Quand à l’un des deux architectes nigériens de ces réseaux, Aboubacar Hima, il a installé une confortable base arrière de ses business dans la capitale de la Tchécoslovaquie. Il est propriétaire de trois appartements à Prague, d’une valeur totale de plus de 2 millions de dollars, achetés en 2015. Il a d’abord déboursé 1,5 million pour un appartement terrasse à l’intérieur du Dock Marina, un complexe résidentiel luxueux sur la rivière Vltava qui permet aux résidents d’amarrer leurs bateaux près de l’entrée, puis deux autres appartements les mois suivants. Mais ses intérêts d’affaires à Prague dépassent l’immobilier. Selon l’audit, sa société nigériane désormais défunte Brid A Defcon a souvent été partenaire d’une société tchèque portant presque le même nom : Defcon s.r.o.
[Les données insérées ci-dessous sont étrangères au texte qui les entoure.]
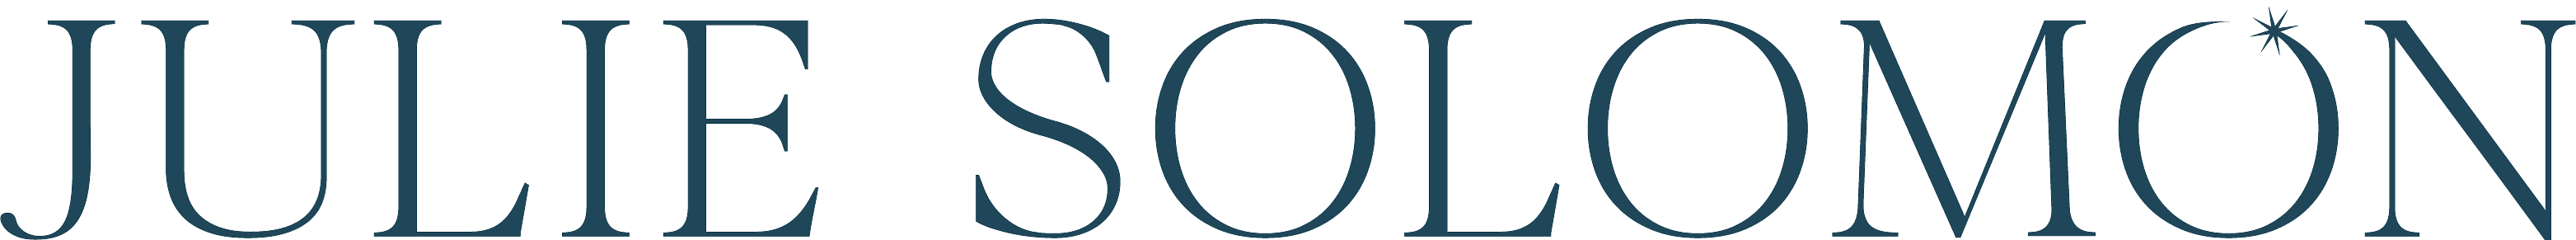 Julie Solomon logo

C’est ainsi qu’en 2017 et 2018, la compagnie tchèque de Hama a exécuté un contrat de 33,6 millions de dollars du gouvernement nigérien pour livrer 80 camions fabriqués par l’Autrichien Steyr. Supposée concourir contre Defcon s.r.o, la filiale algérienne de Motor Sich a également fait une offre, sous l’égide de Brid A Defcon qui la contrôlait, pour donner l’illusion d’une compétition. Les dirigeants de Motor Sich ont affirmé n’avoir jamais participé à cette appel d’offre, suggérant que le nom de leur société avait été “usurpé.”
L’enquête sur les détournements de fonds au ministère de la Défense n’a pas encore livré tous ses secrets, prenant la forme d’un foisonnant labyrinthe de marchés organisé autour de fausses sociétés, fausses concurrences, fausses références, pour mieux cacher de vrais pots de vin.